7. The cell module according to claim 1, wherein: the end faces of the upper polar plate and the lower polar plate of the single cell modules are matched in a concave-convex butt joint mode, so that butt joint among a plurality of single cell modules is realized.

8. A large fuel cell stack, characterized by: the stack comprises a plurality of groups of single cell modules as claimed in claim 1, and a cathode tail plate, a cathode mounting plate, an anode mounting plate and an anode tail plate which are arranged above and below the plurality of groups of single cell modules.

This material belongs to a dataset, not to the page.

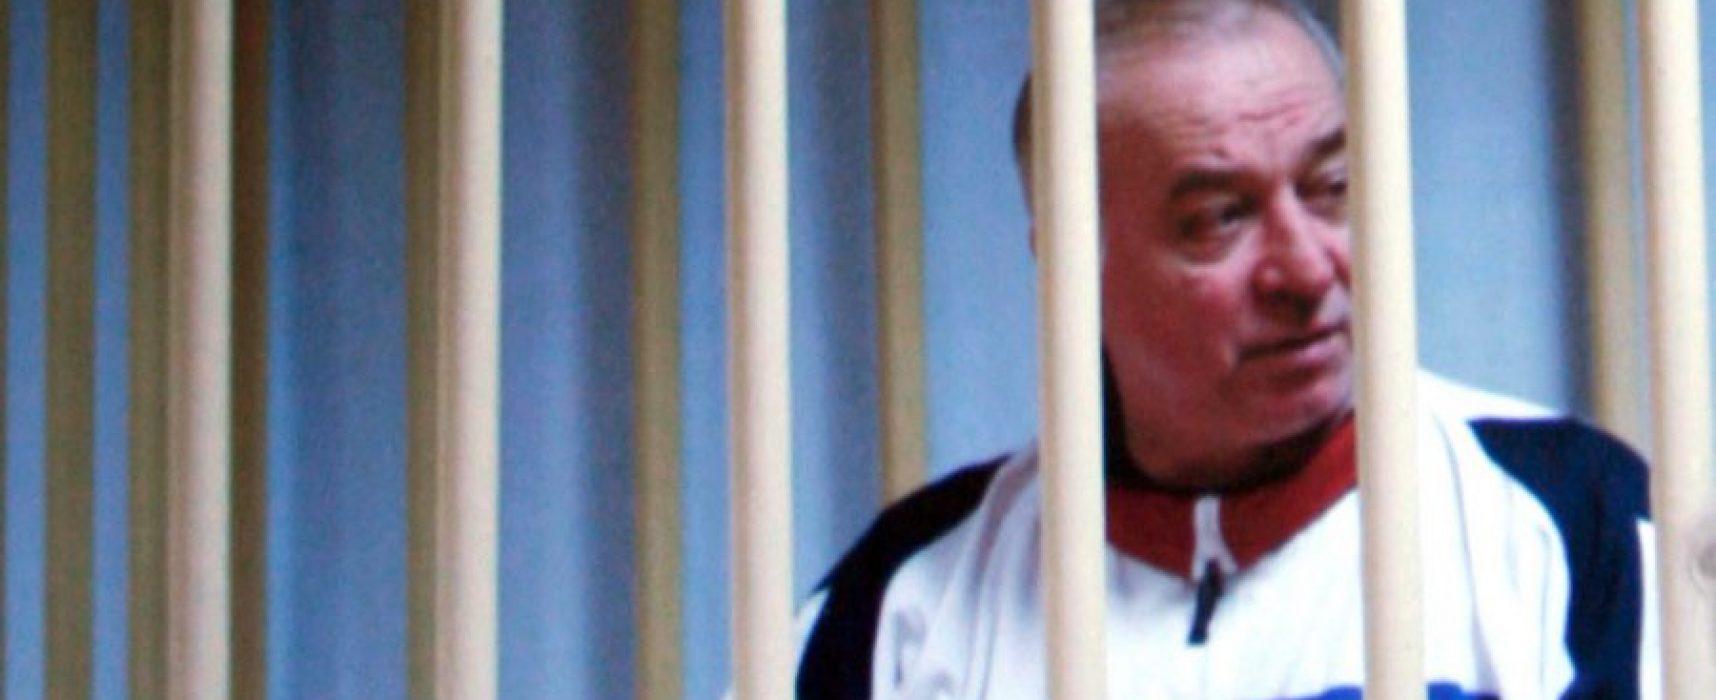 Zbiór strategii rosyjskiej propagandy w tweetach rosyjskiej ambasady dot. otrucia byłego szpiega Siergieja Skripala w Salisbury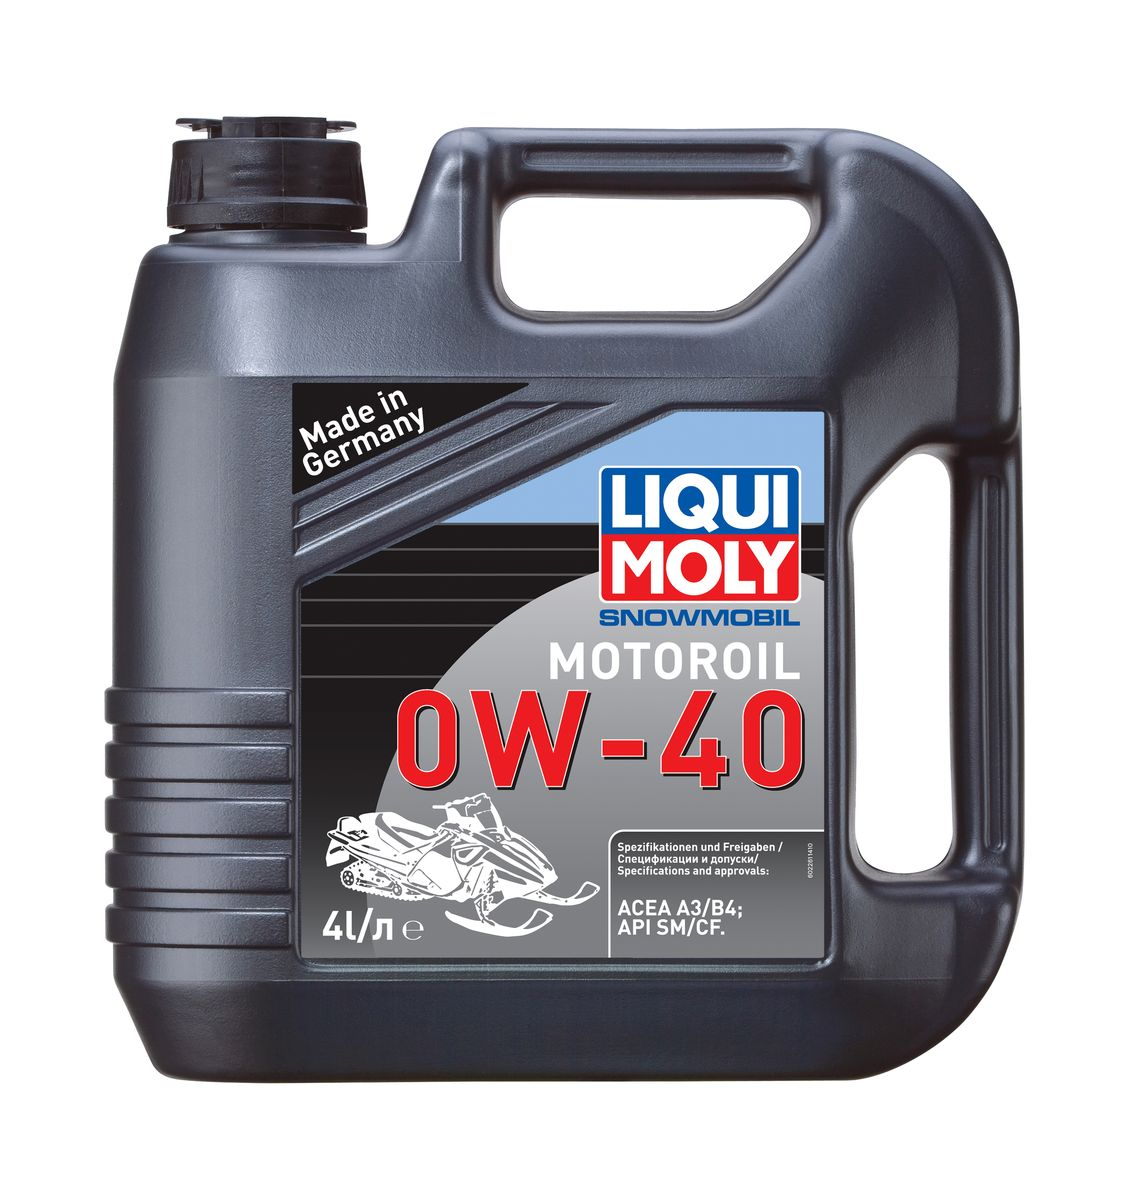 """Масло моторное Liqui Moly """"Snowmobil Motoroil"""", синтетическое, 0W-40, 4 л"""

9. A method of integrating a large fuel cell stack in accordance with claim 8, comprising the steps of:

(1) Sequentially superposing a plurality of groups of single cells (1) and adopting a hollow insert (2) to connect and fix so as to form a single cell module;

(2) A cathode tail plate (8), a cathode mounting plate (9), an anode mounting plate (10) and an anode tail plate (11) are arranged on the upper part and the lower part of the single cell module so as to form a short stack;

(3) Pre-pressing the short stack, and pre-activating and detecting the performance of the short stack; the single cell module with the up-to-standard single cell consistency performance is reserved; detecting and rejecting the problem single cells, and re-stacking to perform preactivation and performance detection until the performance of all single cell modules meets the preset requirement;

(4) And after a plurality of groups of single cell modules meeting the preset requirements are sequentially overlapped, arranging a cathode tail plate, a cathode mounting plate, an anode mounting plate and an anode tail plate on the upper part and the lower part of the single cell modules, and pressurizing the single cell modules to reach the whole stack preset stack loading pressure of the large-scale fuel cell stack, thereby completing stack encapsulation.

10. The method of integrating a large fuel cell stack in accordance with claim 9, wherein: the pressure of the short pile pre-pressing is 25-95% of the total pile pre-set pile loading pressure.